# Building and Painting Tombstones: Tutorial



## Terra

This is a two-part video series on how to make Halloween Tombstones: 

















_Following is an outline and pictures of the construction of this stone:_











Okay, let's start: 








_*Cut Foam:* First off...ALWAYS WEAR A MASK WHEN CUTTING FOAM! The foam dust floats through the air and you will certainly suck it into your lungs. Unless you want to know what it's like to be a coal miner for a few days, don't skip this step! (Not that I learned the hard way...  _

_Using 1 1/2 inch thick blue or pink foam, cut out 2 copies of your design. When planning your shape, be sure to add length to the bottom so when you add layers of base foam it will insert into it. (You'll see what I mean in a later step). Then determine where you would like the channel for your 1/2 inch PVC pipe and cut out using the multi-purpose cutting attachment for the Dremel. Do this on both sides. Glue sides and PVC together using foamboard adhesive. Weight the top while curing._

_Cut the PVC to be a 3/8 inch longer then the base of the foam._












_*Add Depth:* To make an inset for the epitaph to rest on I Dremeled a shallow layer with the multi-purpose cutting attachment. I rubbed the pieces off and sanded it smooth using the rasp._












_*Epitaphs:* In 'Word' find the font and size you like. Then go under the format tools and select 'emboss' to just outline the font and then go under 'spacing' and make the space between the letters bigger. If the words were too big to fit on one page, still print it but tape the letters together. Place it over the tombstone and transfer the drawing by tracing over the outline with a pen. It would leave an impression on the foam. Remove the paper and make a clearer line with the pen._

_Use the Dremel with the multi-purpose cutting attachment to cut out. For very small or detailed fonts, go shallower. If not, the centers of 'e' , 'o' and 'a' would flake off._













_*Base and Assembly:* To make the base, set the tombstone on your 1 1/2 inch foam.

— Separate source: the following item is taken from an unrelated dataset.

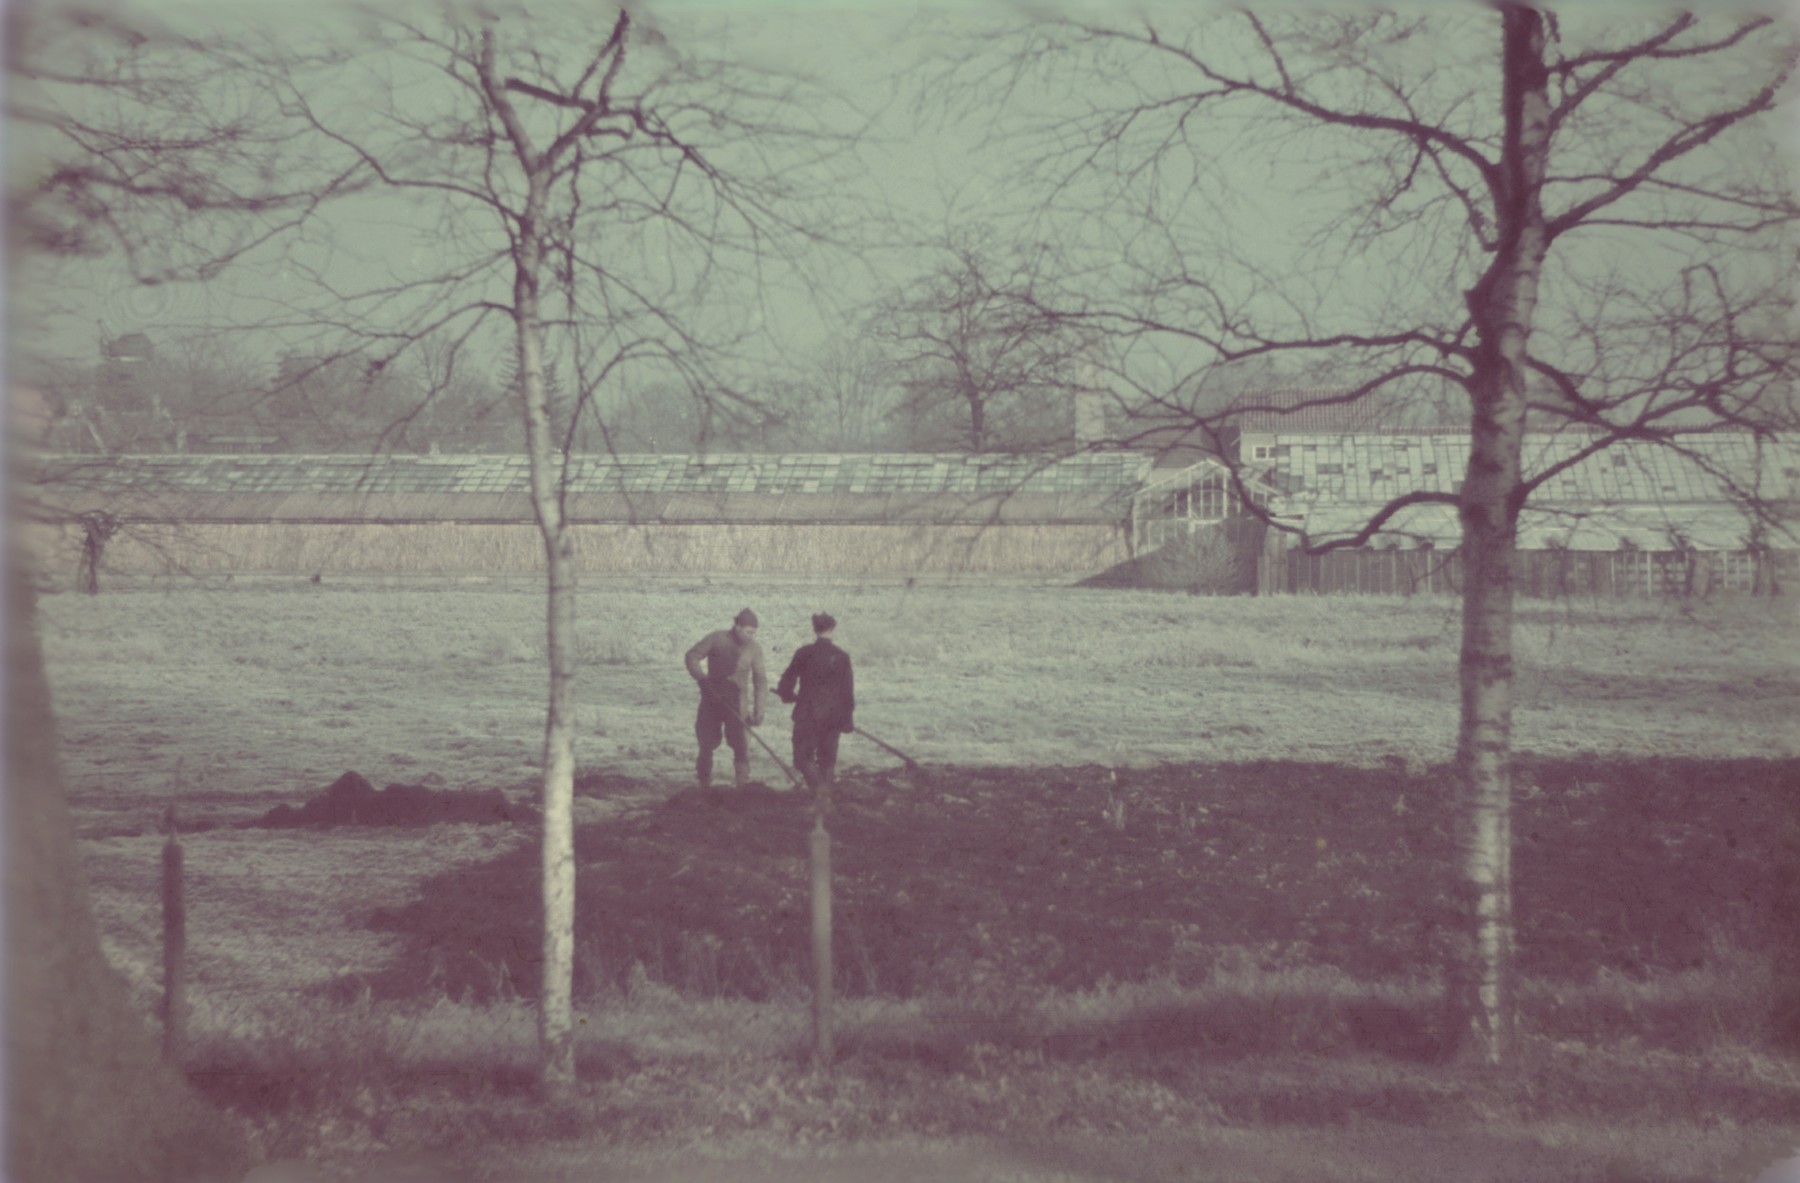 Fecalists dispose of sewage in an open field in the Lodz ghetto.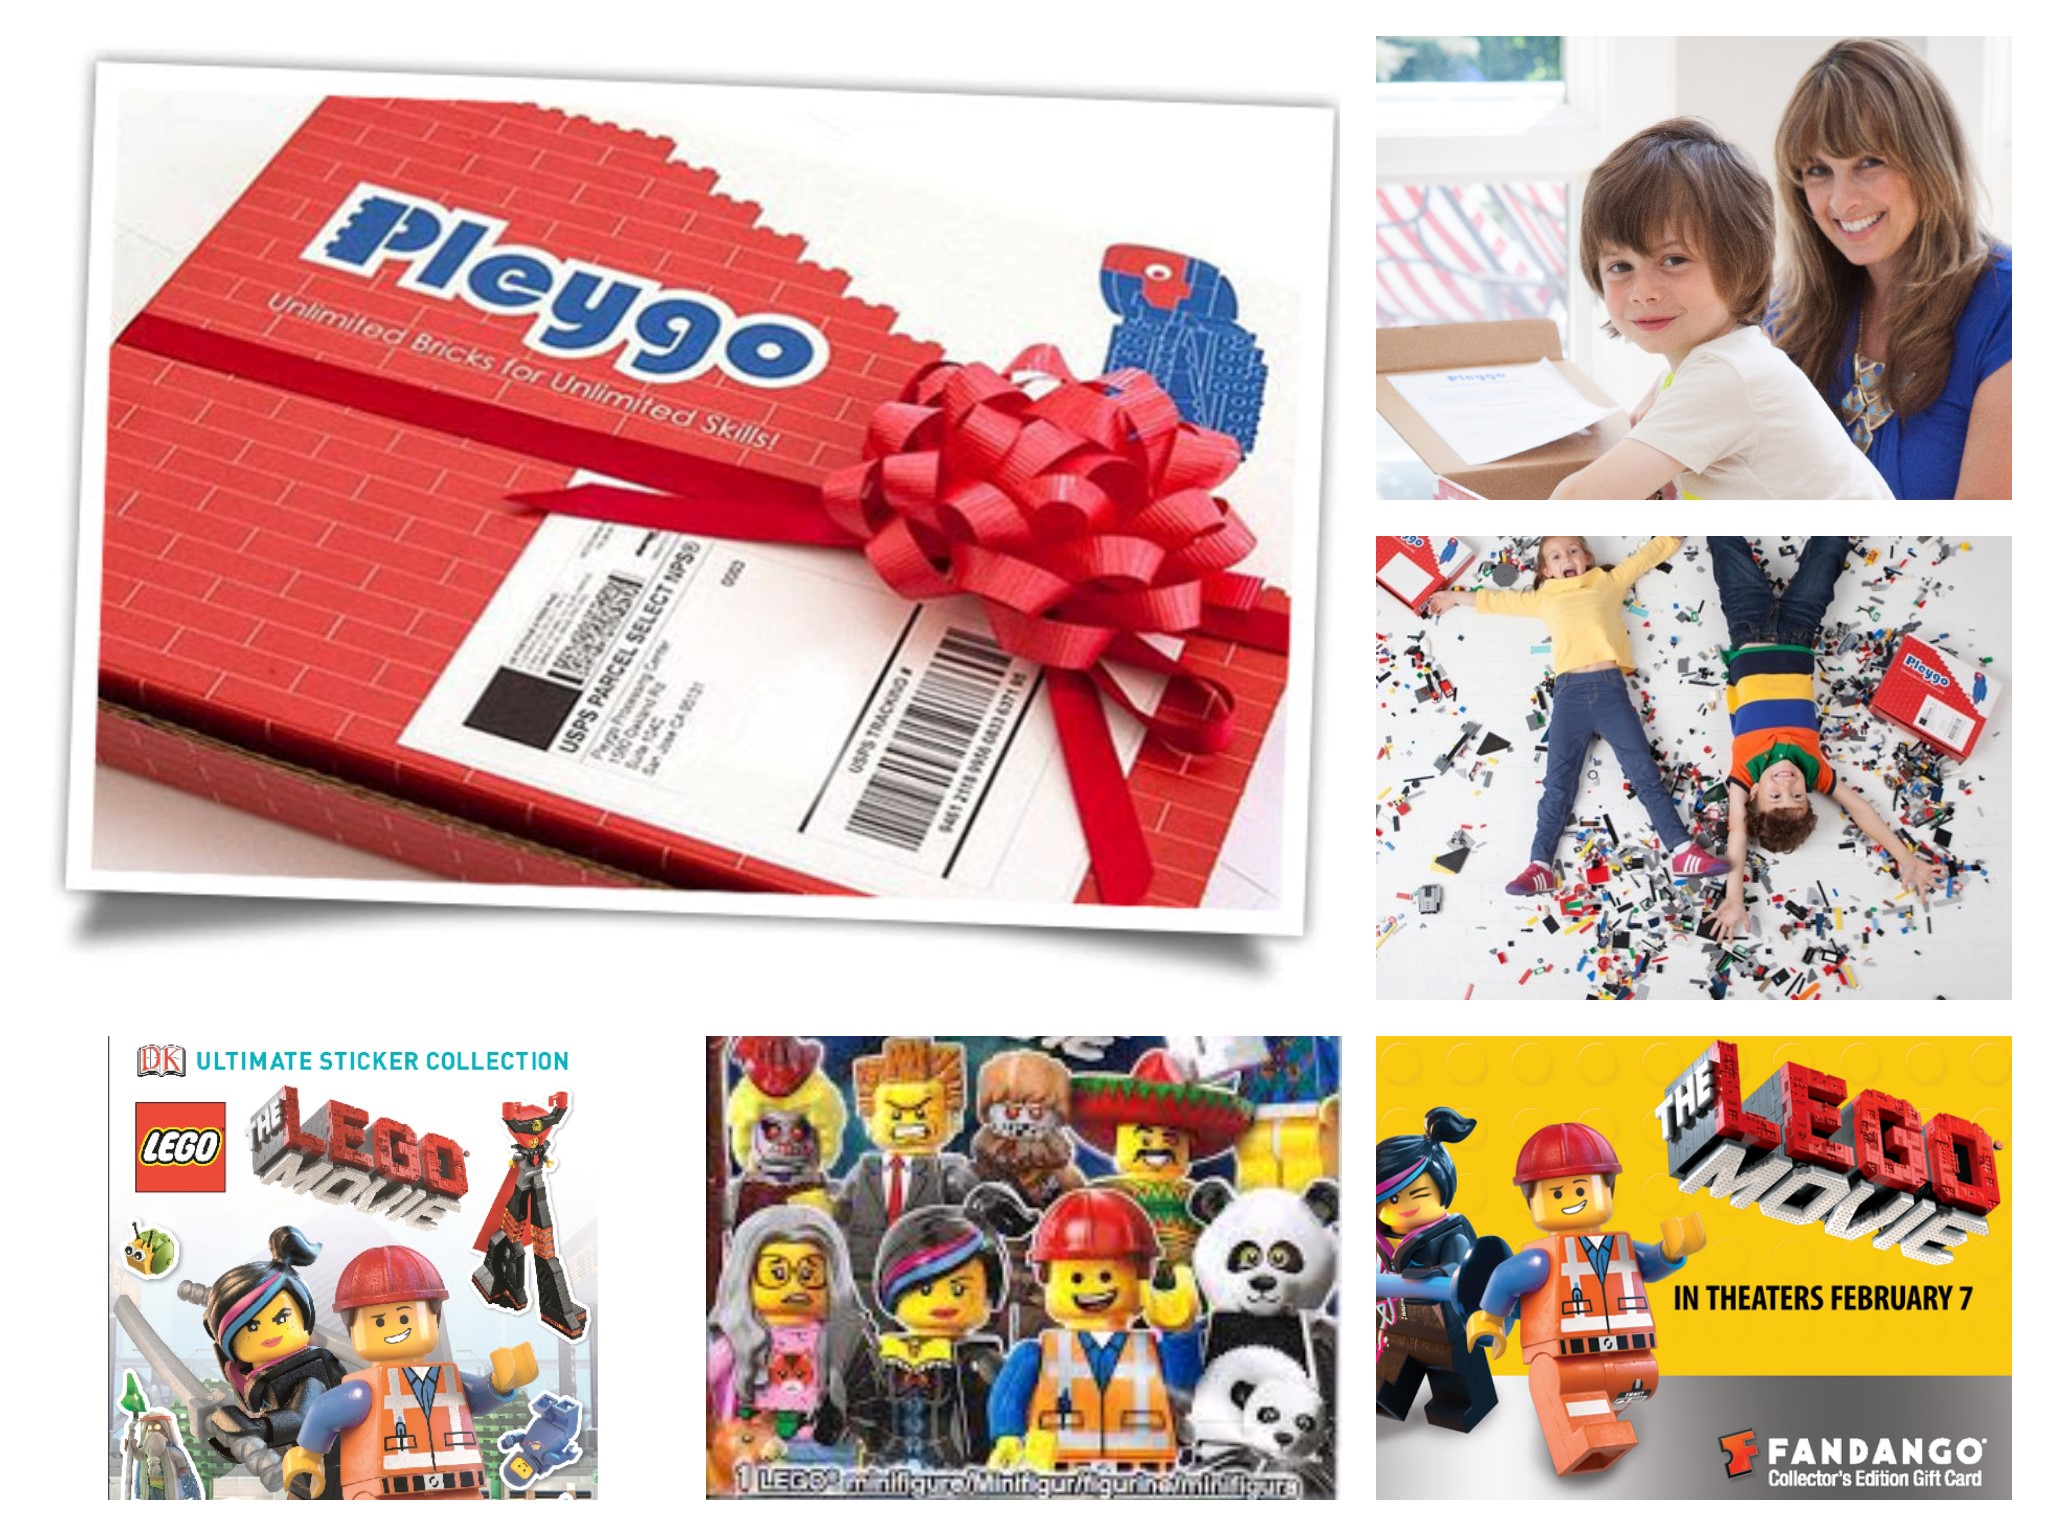 Geek insider, geekinsider, geekinsider. Com,, pleygo launches giveaway in honor of lego movie! , contests

Trace around the perimeter. Then determine how big you want your base and cut that out. Use the first base you cut out to make more and more bases to make taller and/or wider. Then make a plywood base an inch or two wider than the bottom foam base. Cut out two circles out of the plywood where the rebar will go into the PVC pipe. Glue it all together using foamboard adhesive. Weight the top while curing._













_*Shape:* Now the fun begins! I love shaping with rasps. I have a plane rasp for shaping long swaths of foam and a hand-sized one for detail shaving, aging and for making cracks and crevices._














_*Fill Seams:* Use wood putty to fill in all seams in the tombstone. _

_*Accents:* To add the skull, insert drywall anchors into the foam. On your work-table, mold out your item using Model Magic. While soft, push onto the screws. Let dry and caulk edges to secure it even more to the tombstone._














_*Aging:* After skull and caulk is dried, use cheap flat spray paint and hit it with long bursts to get the foam to start dissolving. This gives the tombstone terrific aging. For a quicker and more radical effect, you can brush on straight acetone._









_







_​
_*Seal:* After you spray painted the aging, turn the tombstone on it's side so you can get to the base. Seal all openings around the PVC with caulk. Let dry and coat with Drylok. Let dry. _

_Turn right-side up again to paint the rest of the tombstone with Drylok. Drylok is terrific for this because it is waterproof and has sand in it which helps give it a stone look. In this first coat, I had some white Drylok. But, be sure to use gray Drylok though, as you see in the second picture, it has the perfect stone color._













_*Painting dark crevices and epitaph:* Using a small brush and dark gray exterior paint, paint the inside of the epitaph. Using a larger brush paint the crevices but also feather out to the edges. _

_*Tea-staining:* Water down your dark gray exterior paint. Then roughly drip it down the tombstone and help brush it down. Do it over and over again until you like the look. You are trying to make it look like this stone has been in the weather forever._












_*Dry-brushing:* This is the miracle step. Get a dry 3-inch brush and dip it in slightly-grayed white paint. Brush it dry on a paper towel. Then lightly brush the entire tombstone. This will paint only the raised edges of the tombstone and you will be amazed at the transformation. Instantly your tombstone will look like real stone._













_*Lichen:* Raw Sienna is the perfect orangy color to add a rust-colored lichen look. Have some of the paint straight and have some of it lightly mixed with white and dark exterior latex paint. Using a 1 1/2 inch brush, paint streaks down some areas of the tombstone. Switch it up with the lighter paint to add depth._














_*Make it Ancient:* To add a white-lichen look, put some white exterior paint on your pallet and very, very slightly darken it with some of your dark gray paint. Get a rag and dip it the paint and dry off a bit on a paper towel. Then hit the tombstone with it a couple of times to get the look you want. In the picture, you will see it I hit the base of the tombstone._













_*Moss:* Get some moss from Michael's and hot glue it to the tombstone and you are DONE! Thanks for looking at my tutorial._


----------



## sandpipr

Thank you, excellent advice! You're stuff is just incredibly awesome!


----------